DIRECTIONS>
Could you give the data that follows again exactly, without its pictures?
[[ SOURCE MATERIAL open ]]
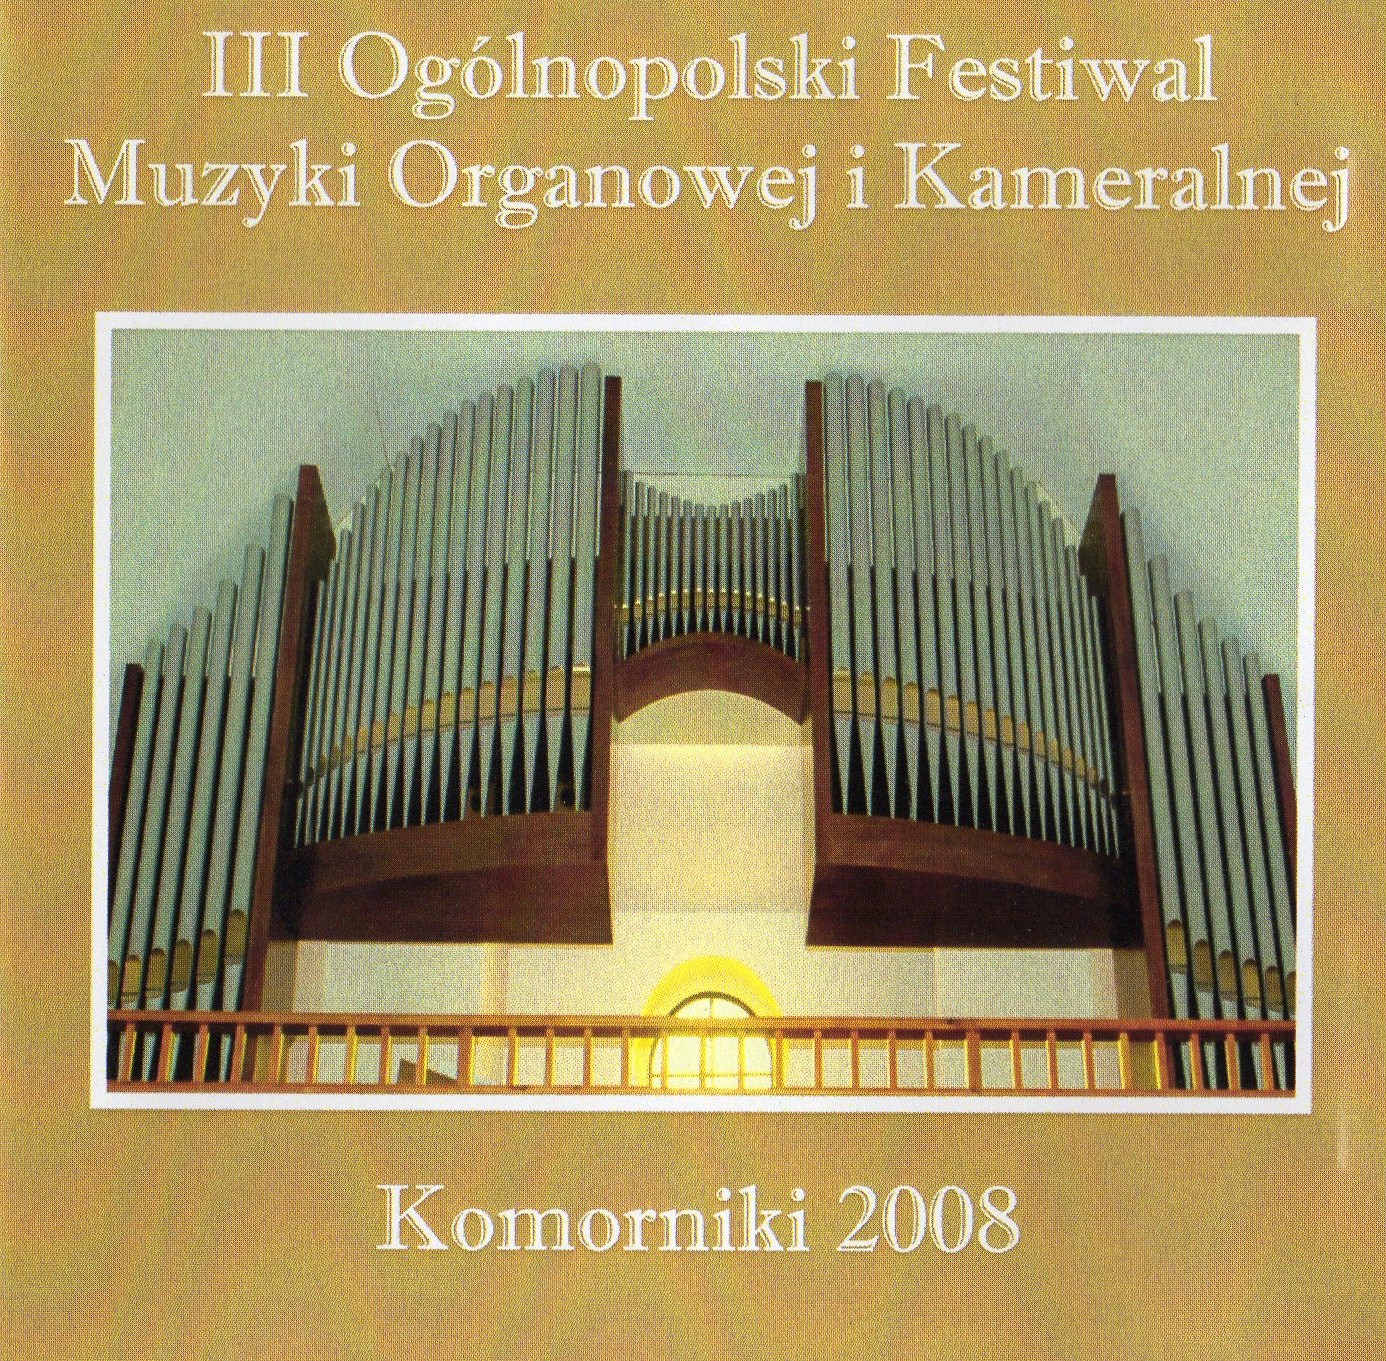 Komorniki 2008 - III Ogólnopolski Festiwal Muzyki Organowej i Kameralnej
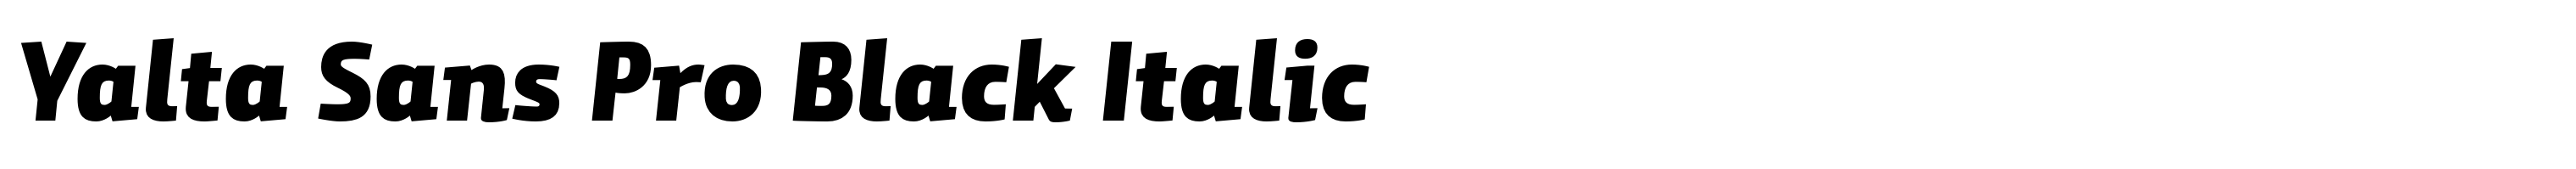 Yalta Sans Pro Black Italic
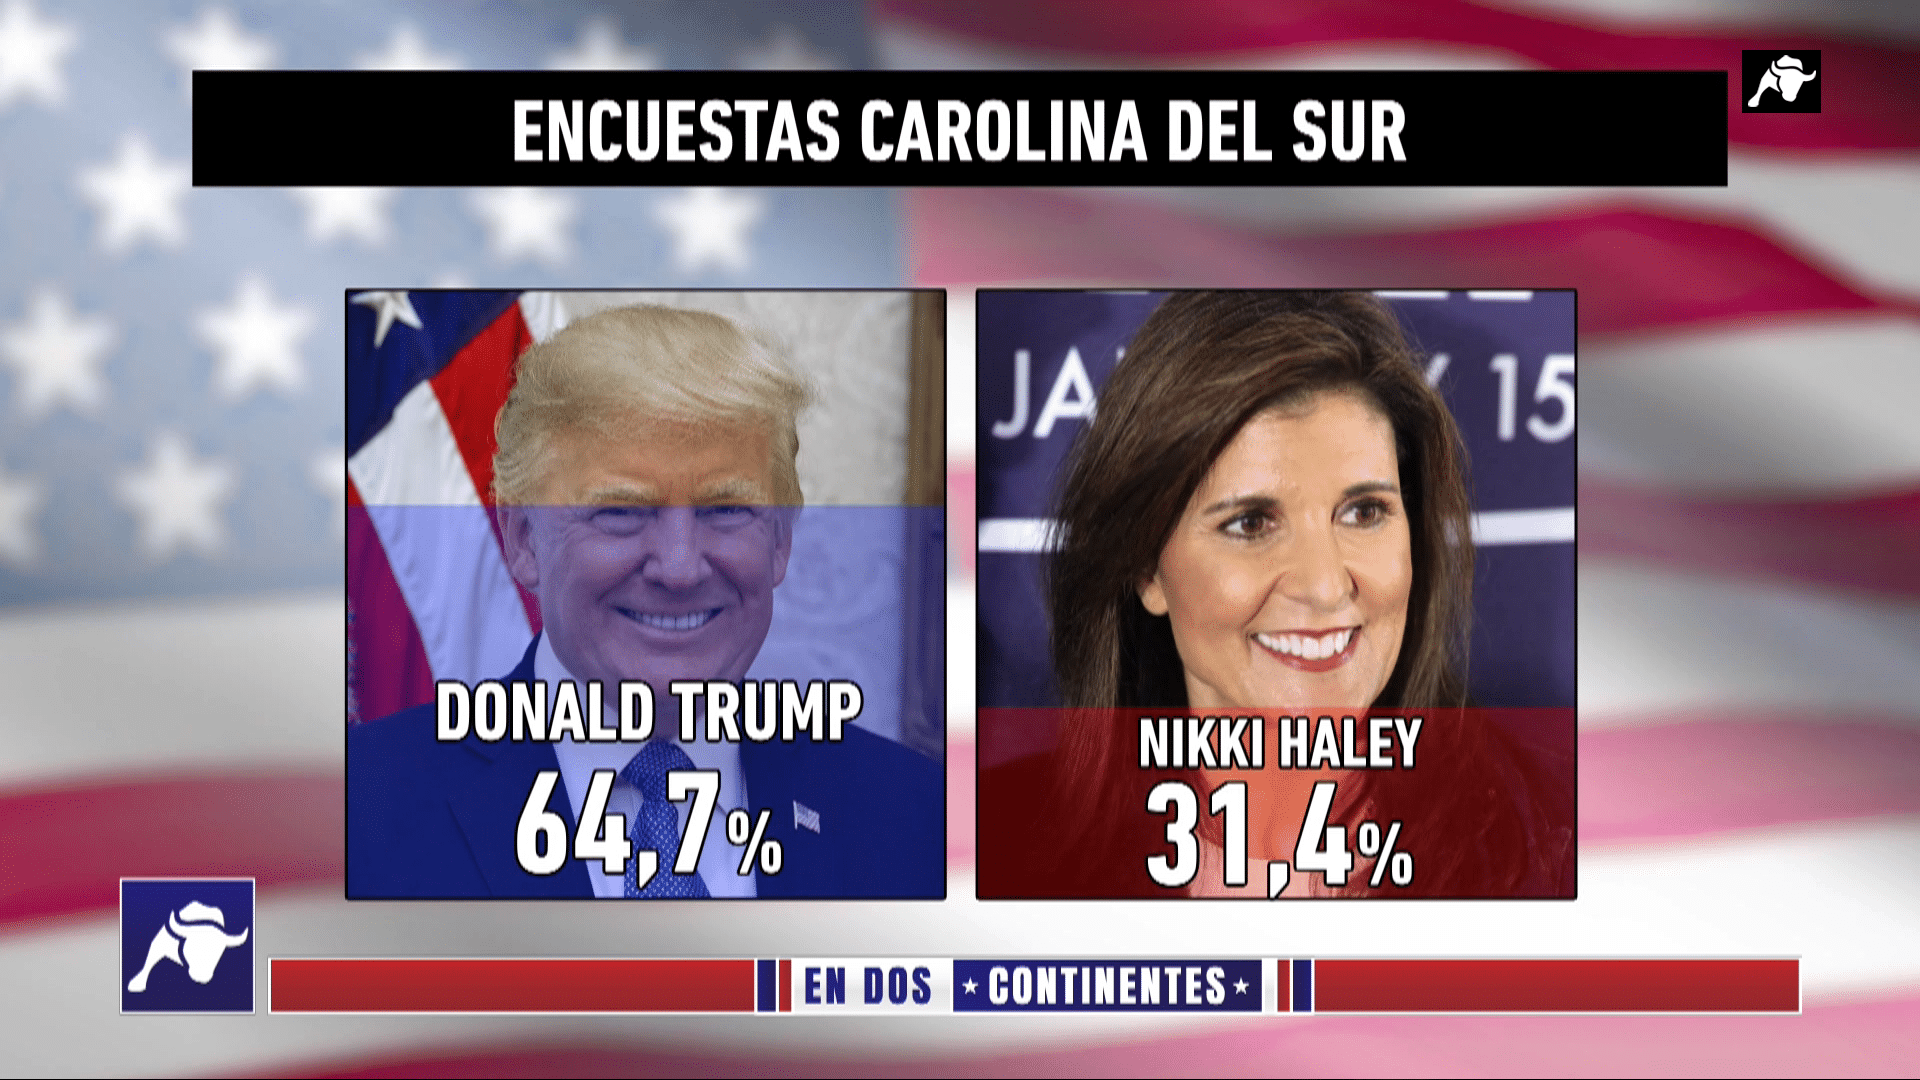  ¿Amaño electoral?: La acusación de Nikki Haley a Donald Trump
[[ SOURCE MATERIAL closed ]]
ANSWER SECTION>
 Komorniki 2008 - III Ogólnopolski Festiwal Muzyki Organowej i Kameralnej
 Yalta Sans Pro Black Italic
  ¿Amaño electoral?: La acusación de Nikki Haley a Donald Trump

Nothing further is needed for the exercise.